According to Pavel Latushka, one of the leaders of the Belarusian opposition, the pressure on Lukashenko is coming from China, and the Chinese are not pleased with the current situation on the Polish-Belarusian border due to the potential disruption to their goods transit. Latushka states that even the closure of a single railway crossing would deal a significant blow to Lukashenko and Putin, as reported in an interview with Gazeta Wyborcza.

Pavel Latushka, a Belarusian opposition figure and former Belarusian ambassador to Poland, as well as the deputy head of the United Transitional Cabinet led by Sviatlana Tsikhanouskaya, the head of the National Anti-Crisis Management, met with the Podlasie voivode on Tuesday (January 16). The day before, he had discussions with the Marshal of Podlasie, accompanied by representatives of the Belarusian diaspora and the Belarusian minority.

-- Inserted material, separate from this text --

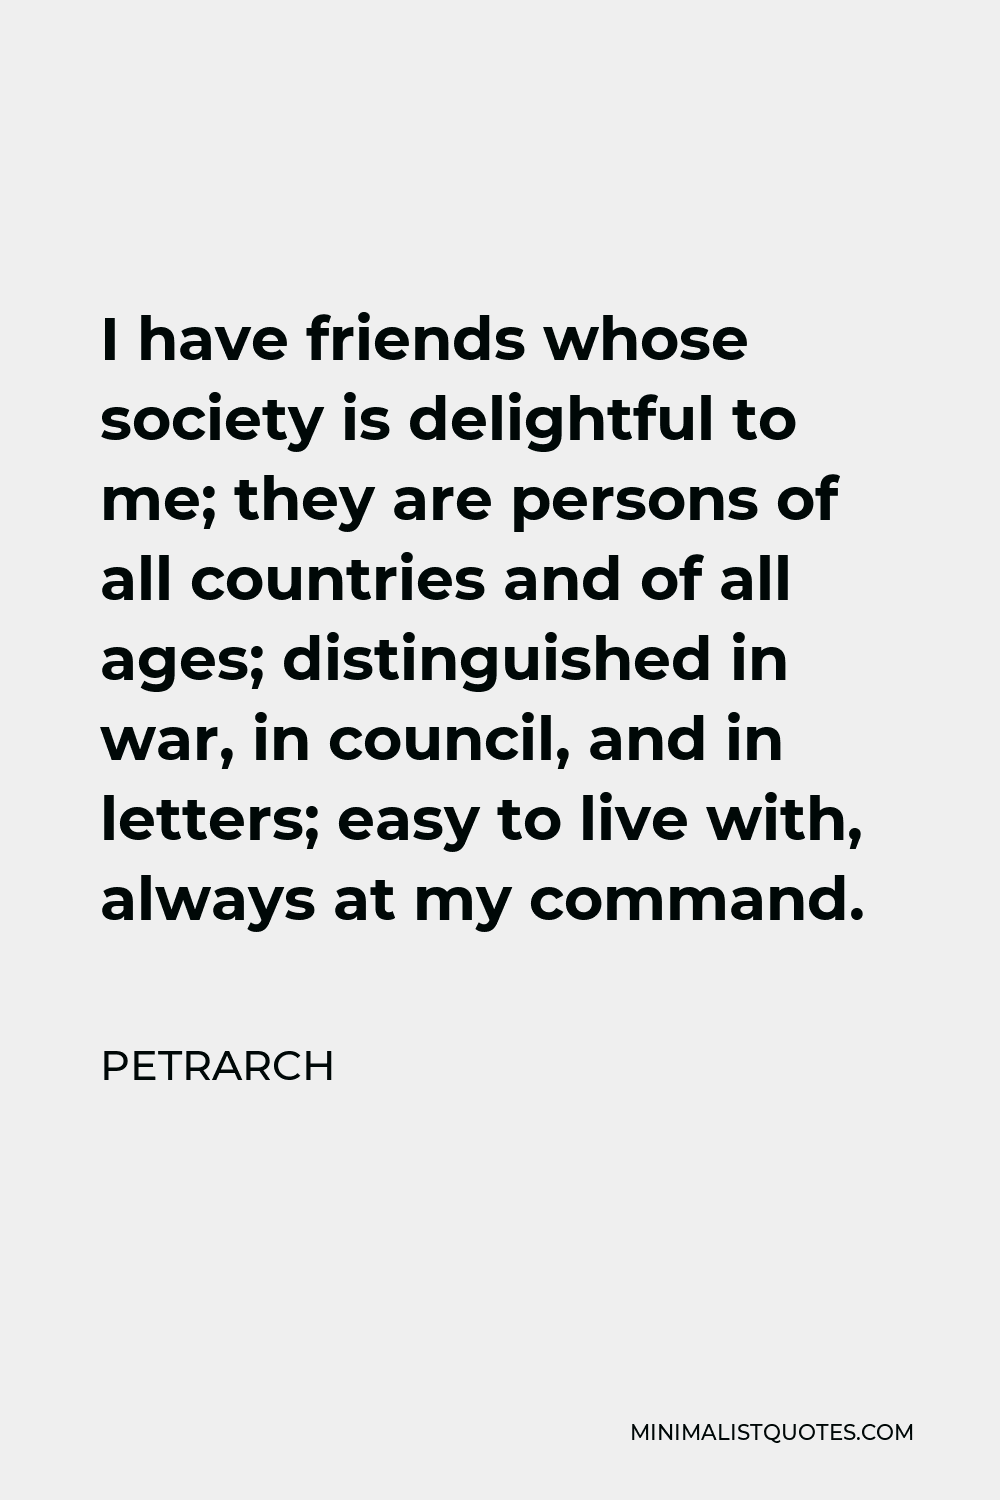 Petrarch Quote - I have friends whose society is delightful to me; they are persons of all countries and of all ages; distinguished in war, in council, and in letters; easy to live with, always at my command.
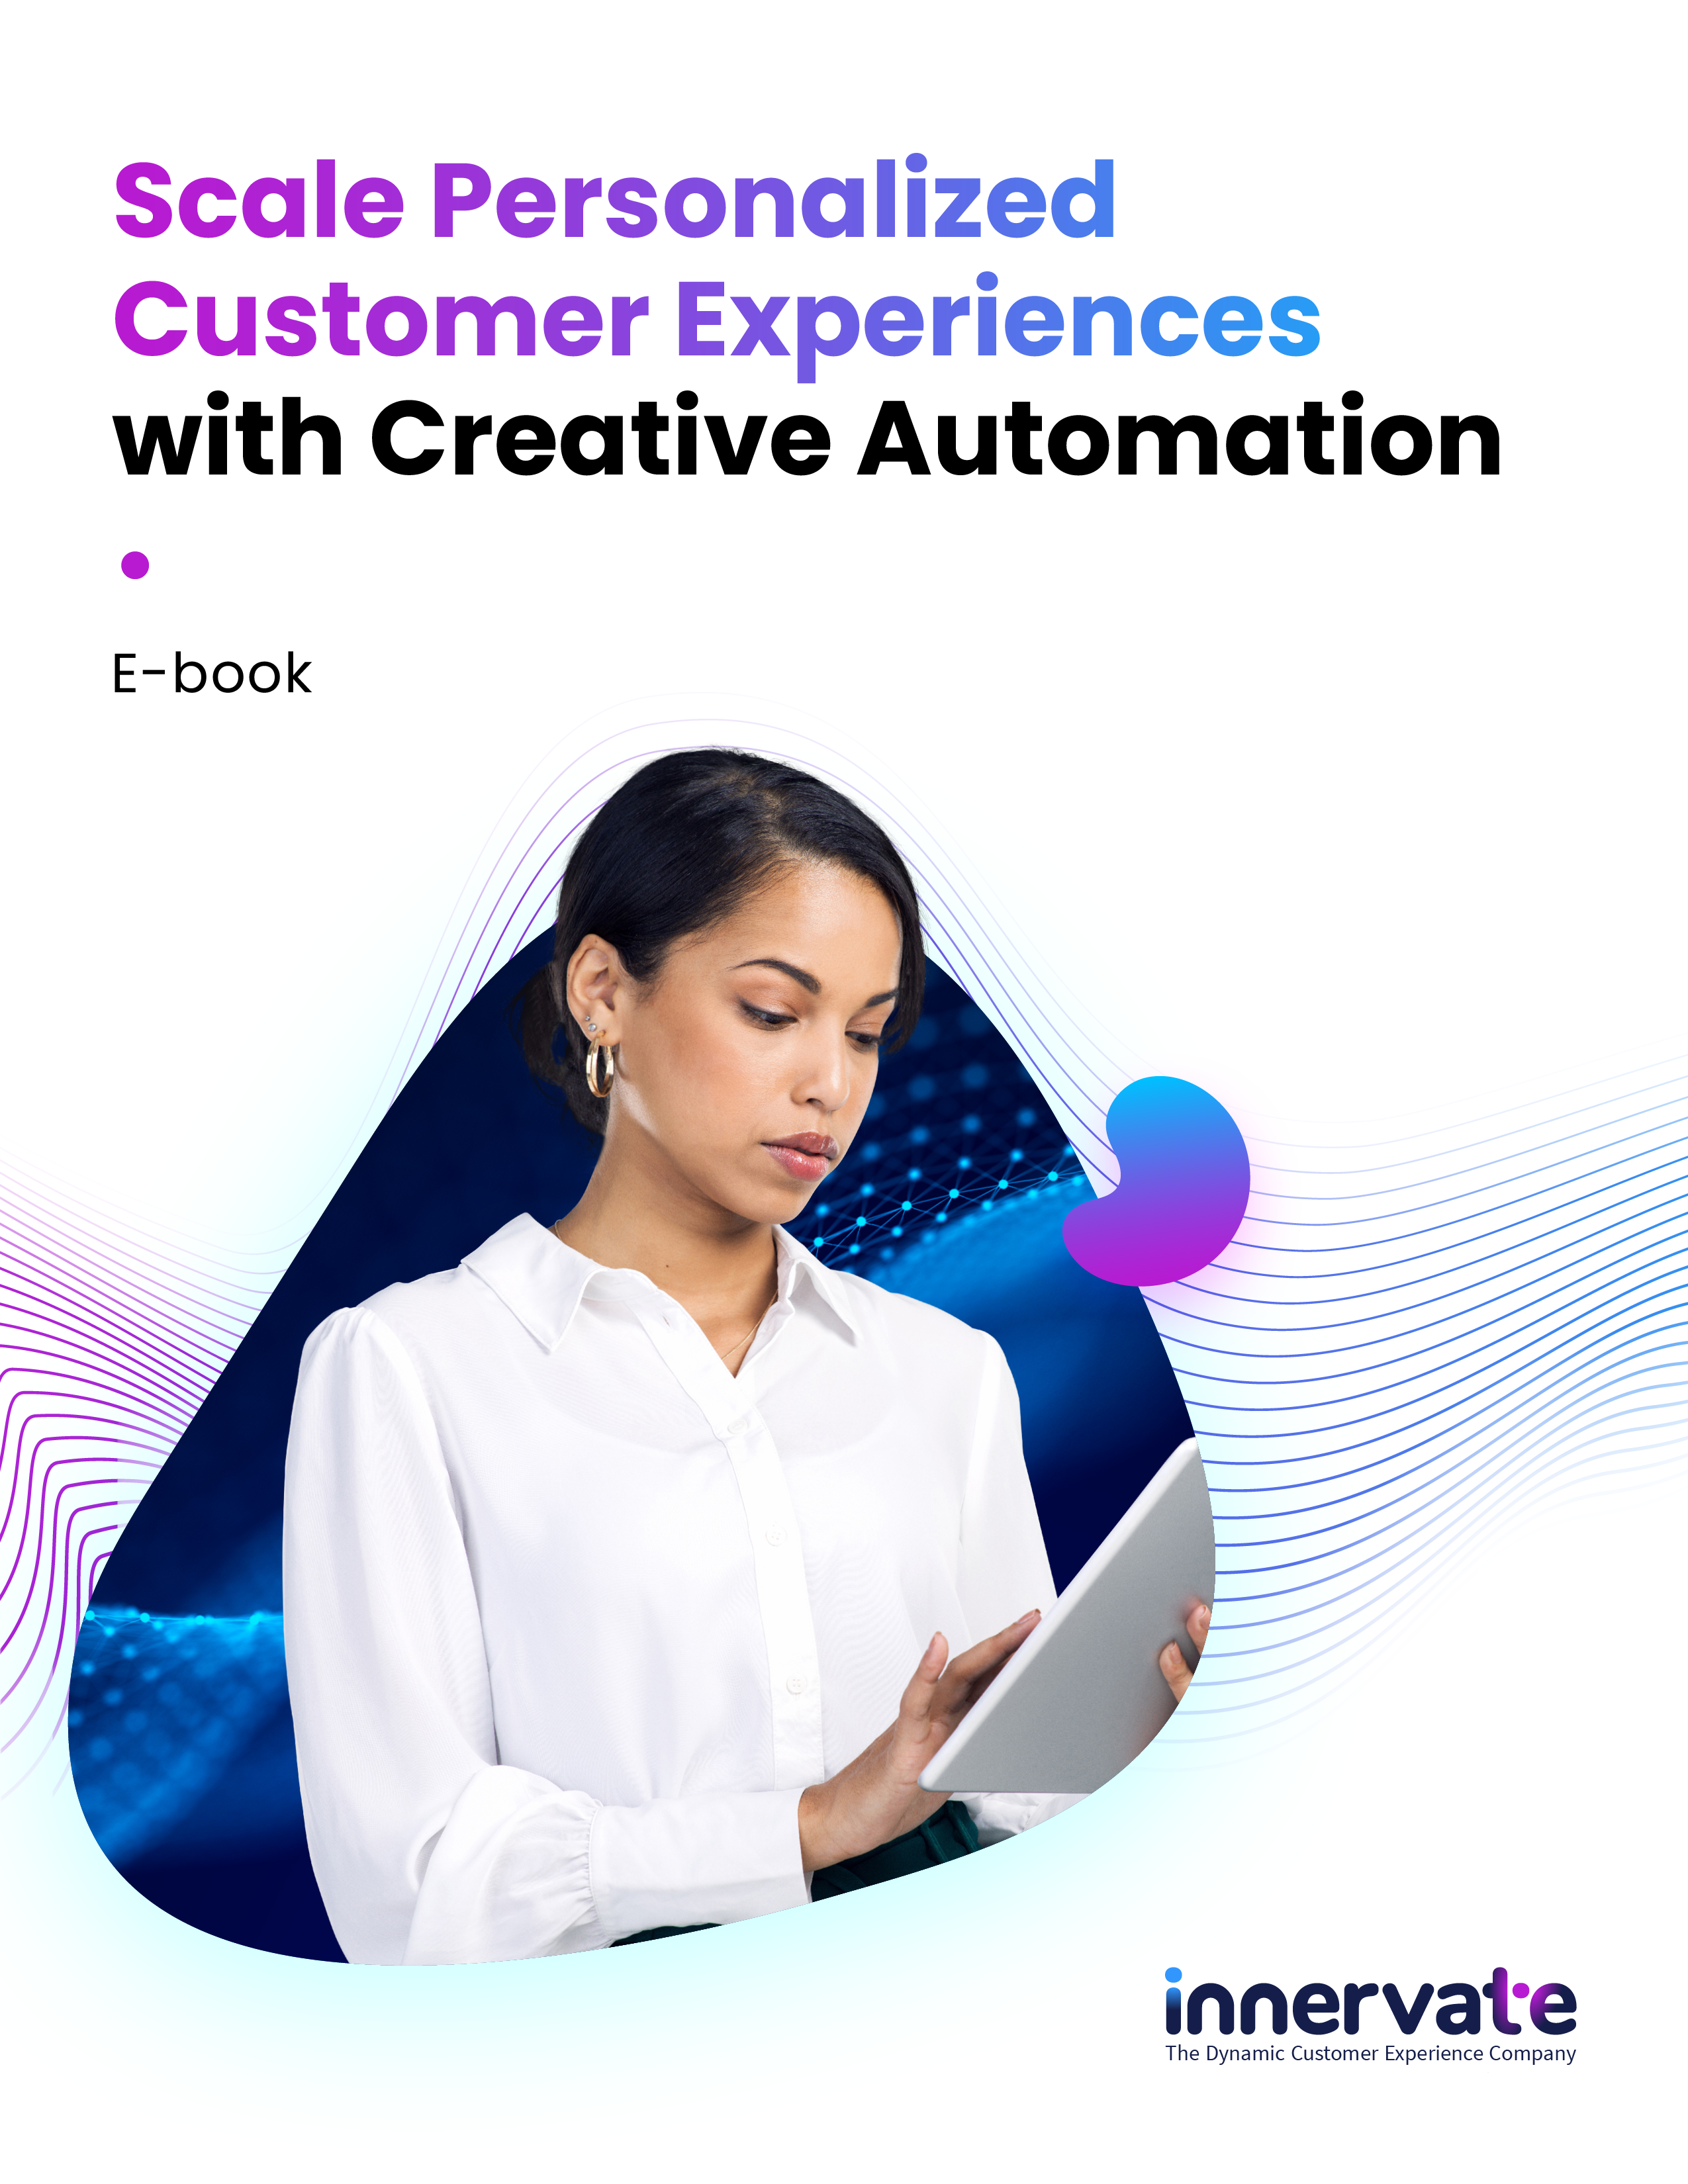 2023-01-EB-Innervate-How to Scale Personalized Customer Experiences with Creative Automation

Is Podlasie a frontline region?

This time, Latushka visited Białystok after Belarusian President-elect Sviatlana Tsikhanouskaya's meeting with the Warsaw mayor, Rafał Trzaskowski, the Ministers of Foreign and European Affairs, President Andrzej Duda, and the Speaker of the Sejm, Szymon Hołownia, last week. Tsikhanouskaya also chaired a meeting of the United Transitional Cabinet in the Polish capital. Discussions were held regarding plans for 2024, including finding ways to release political prisoners and promoting the “European choice among Belarusians” in this year's campaign. In Warsaw, Tsikhanouskaya called on the new Polish authorities to “do everything possible so that Belarus does not become a consolation prize for the Kremlin.”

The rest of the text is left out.